# I was wondering could I use macro algae?



## hawk1 (Oct 8, 2011)

Can you use macro algae like chaetomorpha (chaeto) in a cichlid tank (55 gallon mbunas). Would it grow or help out? What about mangroves? I was wondering because I got a hang on tank refugium made from an aquaclear power filter. Got it from a friend who used to have a saltwater tank. Just wondering if I could use it.


----------



## Deeda (Oct 12, 2012)

I'm pretty sure it is for salt/marine aquariums only.

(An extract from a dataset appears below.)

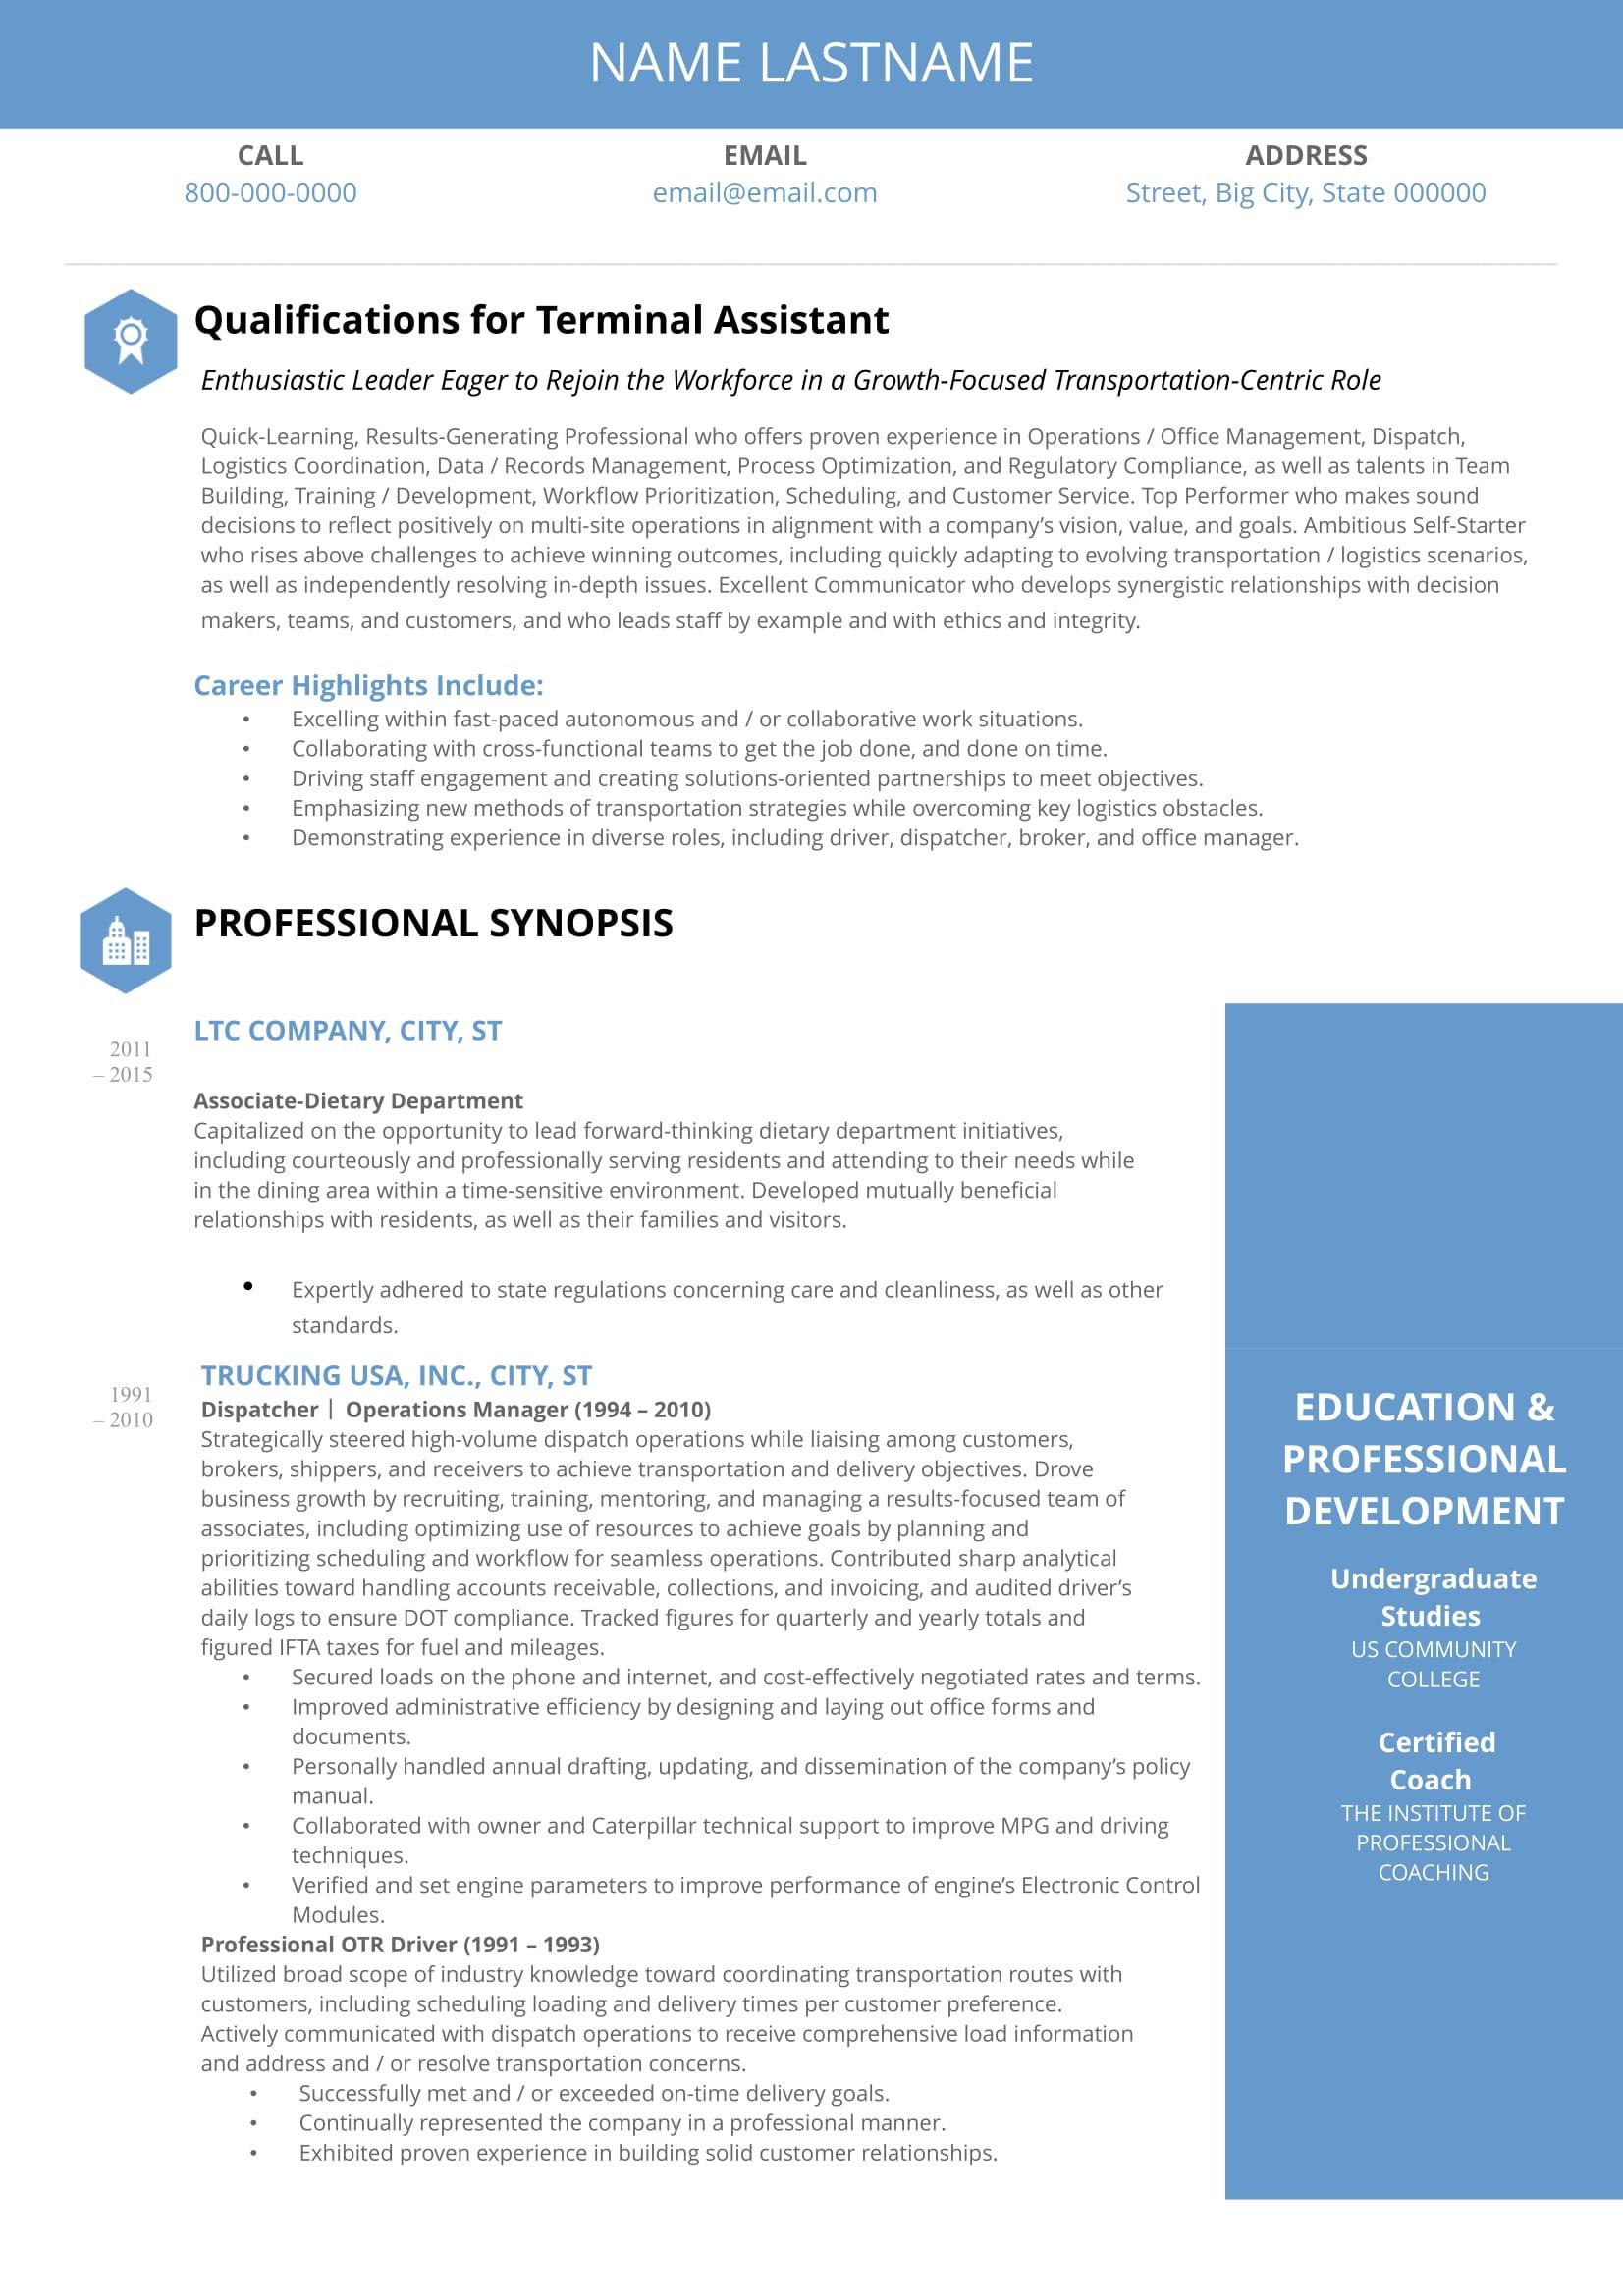 Professional Resume   Sample #2

What are you trying to accomplish?


----------



## oyster dog (Jul 2, 2013)

Marine algae and mangroves would die in a freshwater cichlid tank.


----------



## hawk1 (Oct 8, 2011)

Oh ok, I was just wondering if there would be any benefit to it. And I had seen a video on youtube a guy with a cichlid tank had some mangroves stuck in the back of his emperor 400.


----------



## yamadog (Oct 7, 2012)

I looked at that a while ago. Some sellers on flebay say their mangroves are freshwater acclimated. I don't know, if you had an open top tank, I think it would look pretty cool.


----------



## fmueller (Jan 11, 2004)

Not many people have open-top tanks, because if you do, you will also have jumpers. Whether plants growing out of an abandoned filter is a esthetic improvement for a tank is up to the beholder. That said, I guess mangroves are mostly in brackish water, and while no cichlid will survive in brackish conditions, the plants might do ok in fresh water. I have taken Valisneria from brackish water in North Carolina, and they do great in my freshwater tanks!

If chaeto can survive in freshwater I do not know. If you have access to some free or for cheap, why not try it and report back. I think if it worked I might get some myself


----------



## notchback65 (Apr 3, 2013)

If you do try it,make sure it is free of hitch hikers!

When I had my saltwater tank,my chaeto I got had tiny starfish,bristle worms ..etc.


----------



## fmueller (Jan 11, 2004)

notchback65 said:


> my chaeto I got had tiny starfish,bristle worms ..etc.


It would be interesting to see if they'd die in freshwater, or if the cichlids would eat them before it came to that :wink:

BTW - after some google research, it seems chaeto will die in freshwater too. Too bad!


----------